Key safety options weren’t in crashed planes
As the pilots of the doomed Boeing jets in Ethiopia and Indonesia fought to control their planes, they lacked two notable safety features in their cockpits.
One reason: Boeing charged extra for them.
For Boeing and other aircraft manufacturers, the practice of charging to upgrade a standard plane can be lucrative. Top airlines around the world must pay handsomely to have the jets they order fitted with customized addons.
Sometimes these optional features involve aesthetics or comfort, such as premium seating, fancy lighting or extra bathrooms. But other features involve communication, navigation or safety systems and are more fundamental to the plane’s operations.
Many airlines, especially lowcost carriers such as Indonesia’s Lion Air, have opted not to buy them — and regulators don’t require them.
Now, in the wake of two deadly crashes involving the same jet model, Boeing will make one of those safety features standard as part of a fix to get the planes in the air again.
It is not yet known what caused the crashes of Ethiopian Airlines Flight 302 on March 10 and Lion Air Flight 610 five months earlier, both after erratic takeoffs. But investigators are looking at whether a new software system added to avoid stalls in Boeing’s 737 Max series may have been partly to blame. Faulty data from sensors on the Lion Air plane may have caused the system, known as the Maneuvering Characteristics Augmentation System, or MCAS, to malfunction, authorities investigating that crash suspect.
Federal prosecutors are investigating the development of the Boeing 737 Max, according to a person briefed on the matter. As part of that investigation, the FBI is also supporting the Transportation Department’s inspector general in its own inquiry, said another person with knowledge of the matter.
The Justice Department said it does not confirm or deny the existence of any investigations. Boeing declined to comment on the inquiry.
The jet’s software system takes readings from one of two vanelike devices called angle of attack sensors that determine how much the plane’s nose is pointing up or down relative to oncoming air. When MCAS detects that the plane is pointing up at a dangerous angle, it can automatically push down the nose of the plane in an effort to prevent it from stalling.
Boeing’s optional safety features, in part, could have helped the pilots detect any erroneous readings. One of the optional upgrades, the angle of attack indicator, displays the readings of the two sensors. The other, called a disagree light, is activated if those sensors are at odds with one another.

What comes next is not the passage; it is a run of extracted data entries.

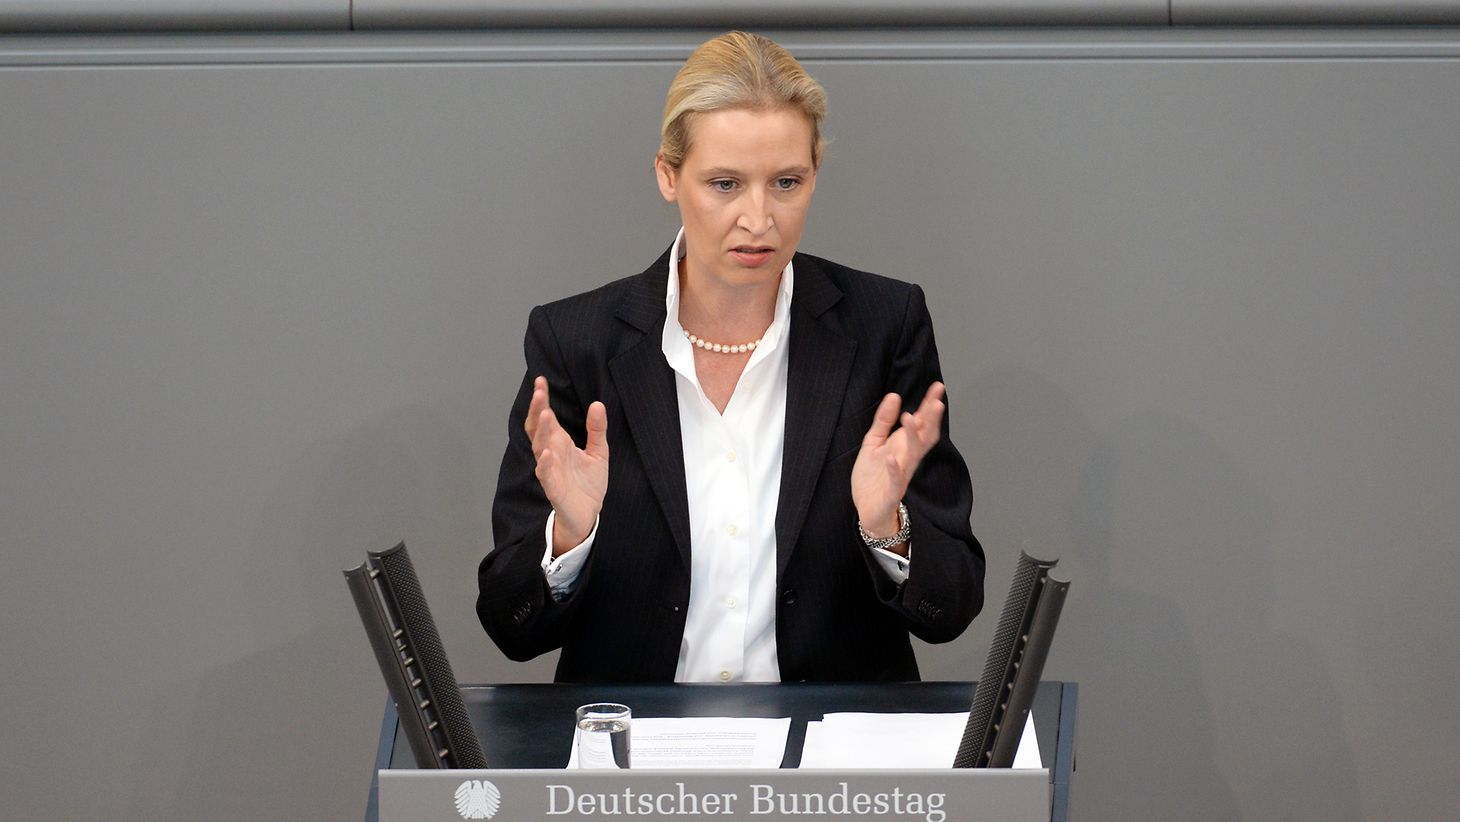 Deutscher Bundestag - Alice Weidel: der Bürgerrechte einfordern, wichtigste Aufgabe
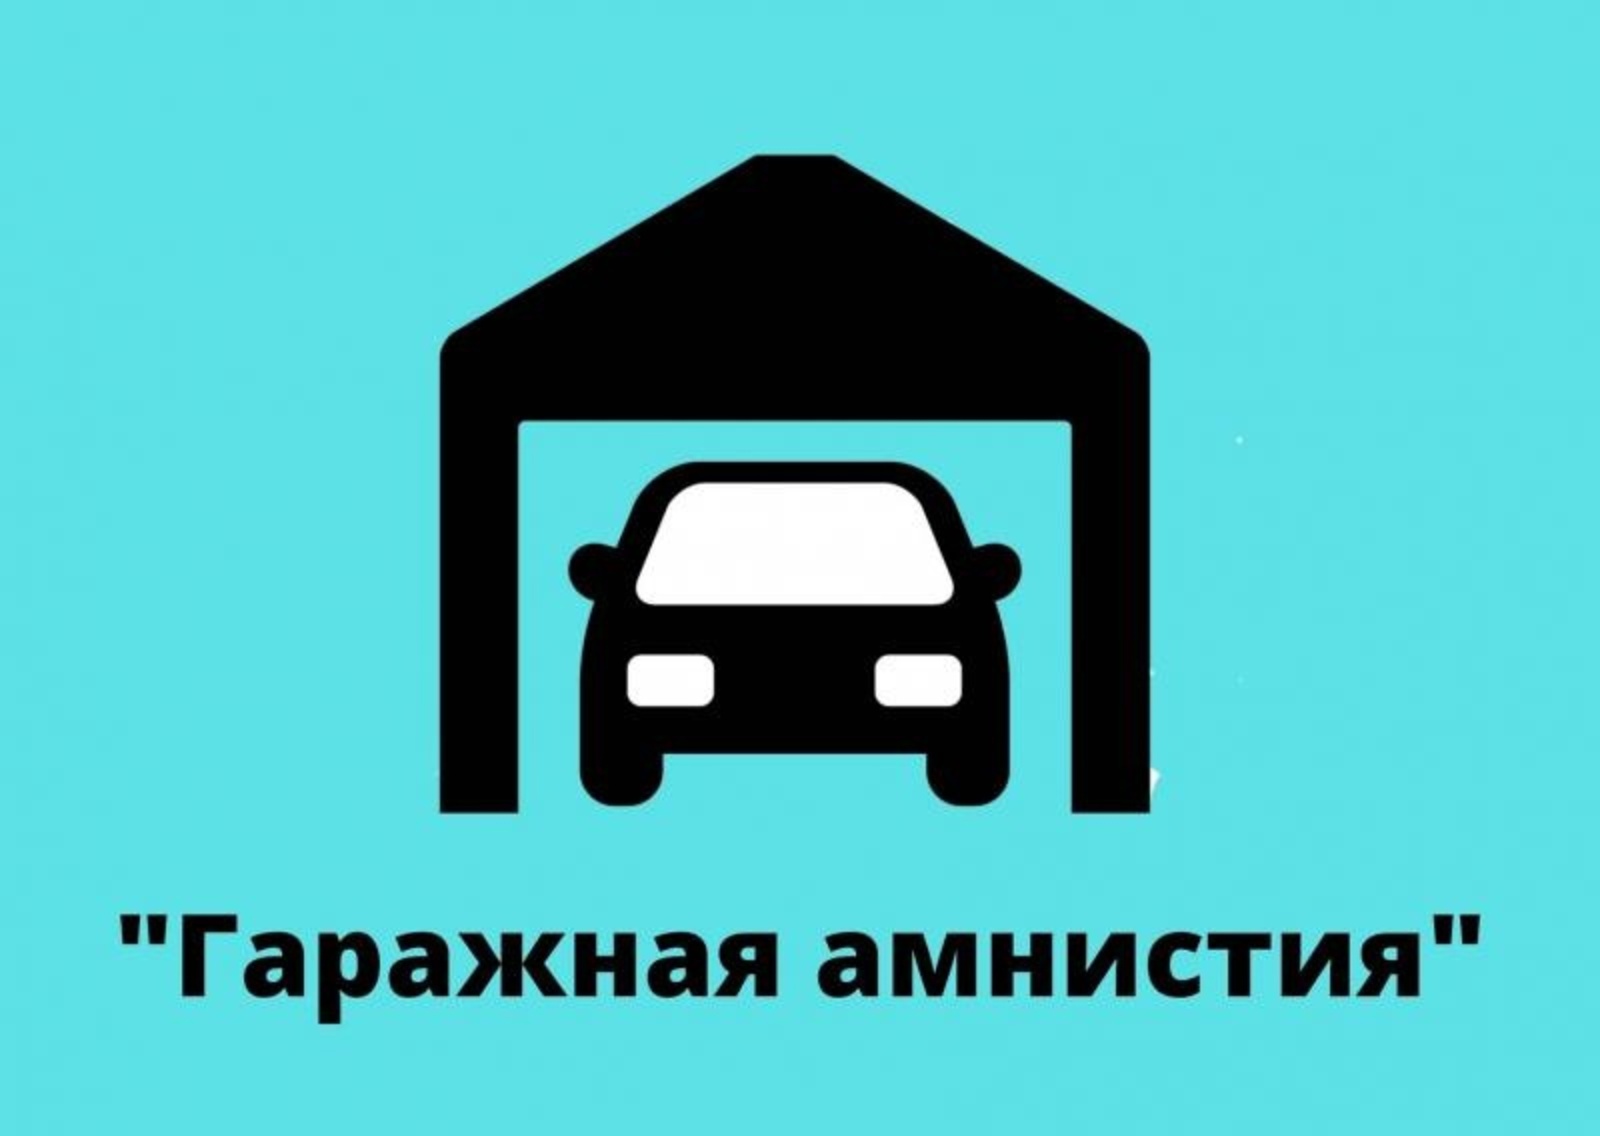 В ходе гаражной амнистии на территории Красноярского края зарегистрировано 8 477 объектов недвижимости.
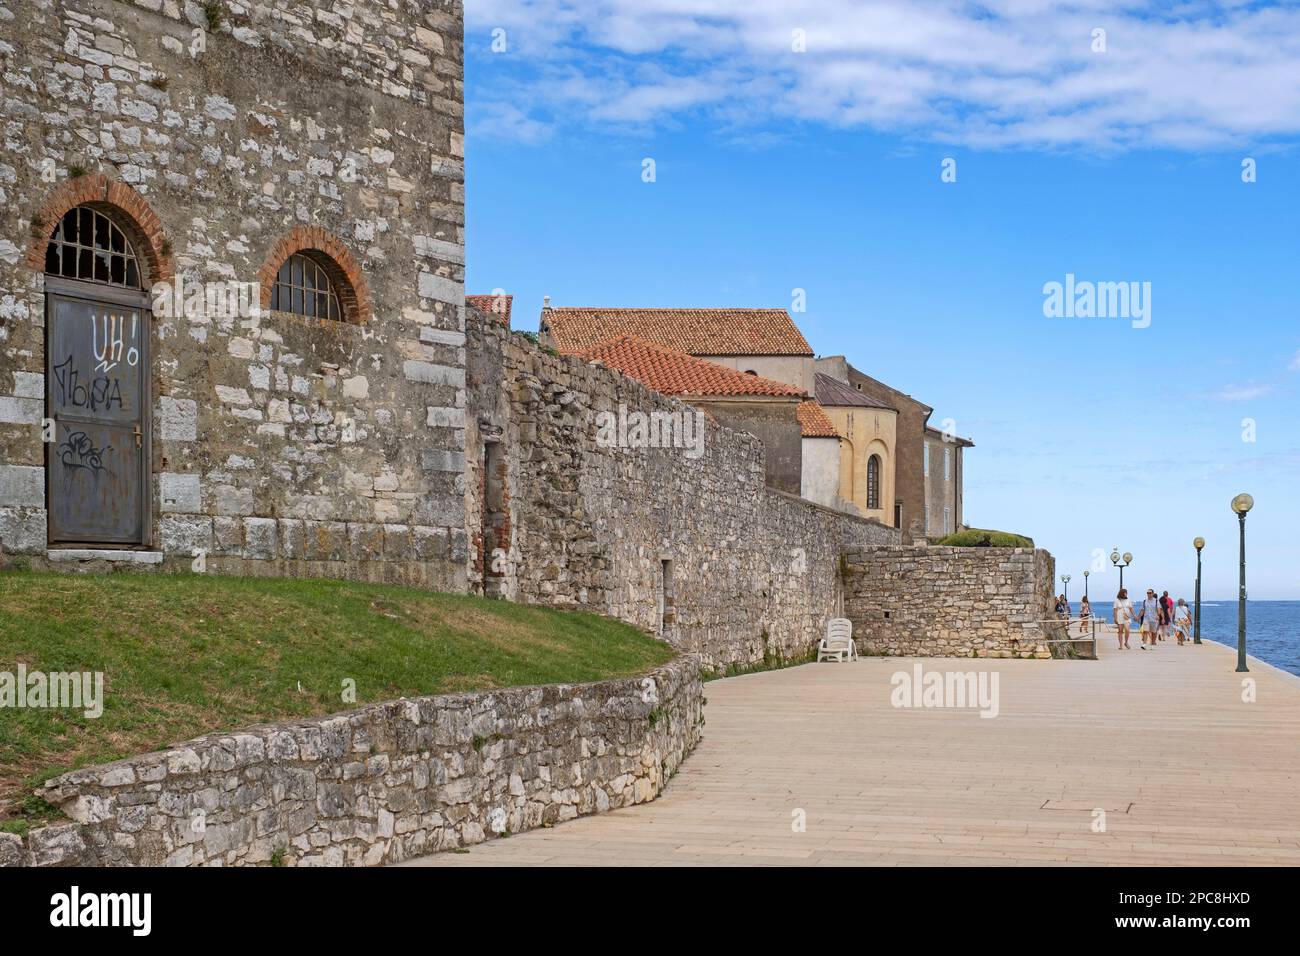 Touristen, die auf der Promenade entlang der alten Stadtmauer in der Stadt Poreč/Parenzo spazieren, Strandresort an der Adria, Kreis Istrien, Kroatien Stockfoto
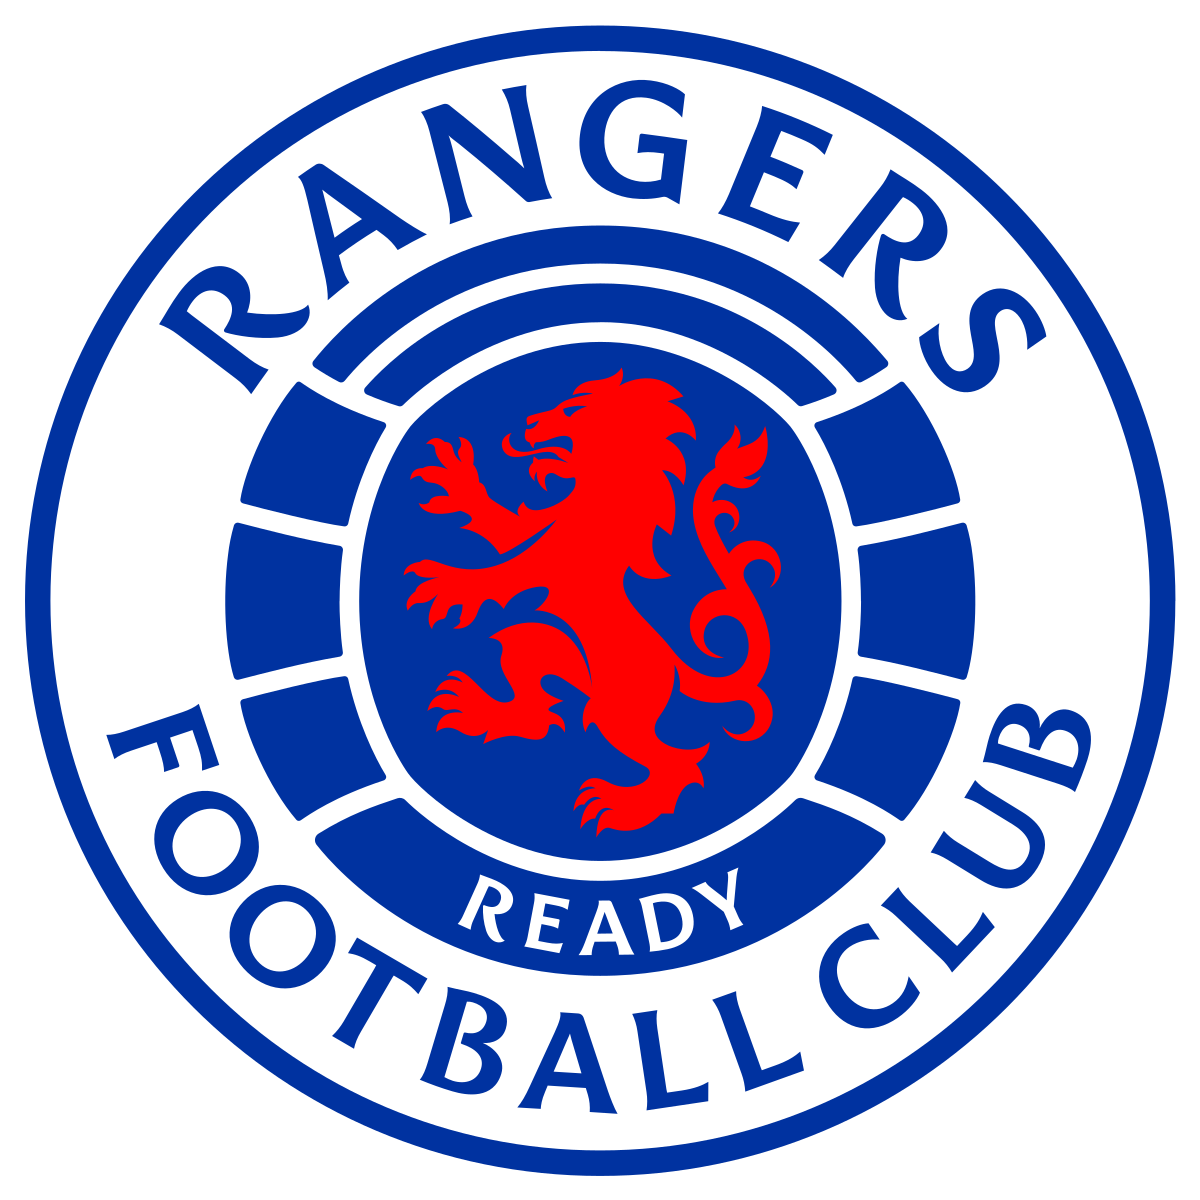 Rangers F.C. - Wikipedia

Boeing will soon update the MCAS software and make the disagree light standard on all new 737 Max planes, according to a person familiar with the changes who spoke on condition of anonymity because they have not been made public. Boeing started moving on the software fix and the equipment change before the crash in Ethiopia.
The angle of attack indicator will remain an option that airlines can buy. Neither feature was mandated by the Federal Aviation Administration. All 737 Max jets have been grounded.
“They’re critical, and cost almost nothing for the airlines to install,” said Bjorn Fehrm, an analyst at aviation consultancy Leeham. “Boeing charges for them because it can. But they’re vital for safety.”
This week, Boeing CEO Dennis Muilenburg said the company was working to make the 737 Max safer.
“As part of our standard practice following any accident, we examine our aircraft design and operation, and when appropriate, institute product updates to further improve safety,” he said in a statement.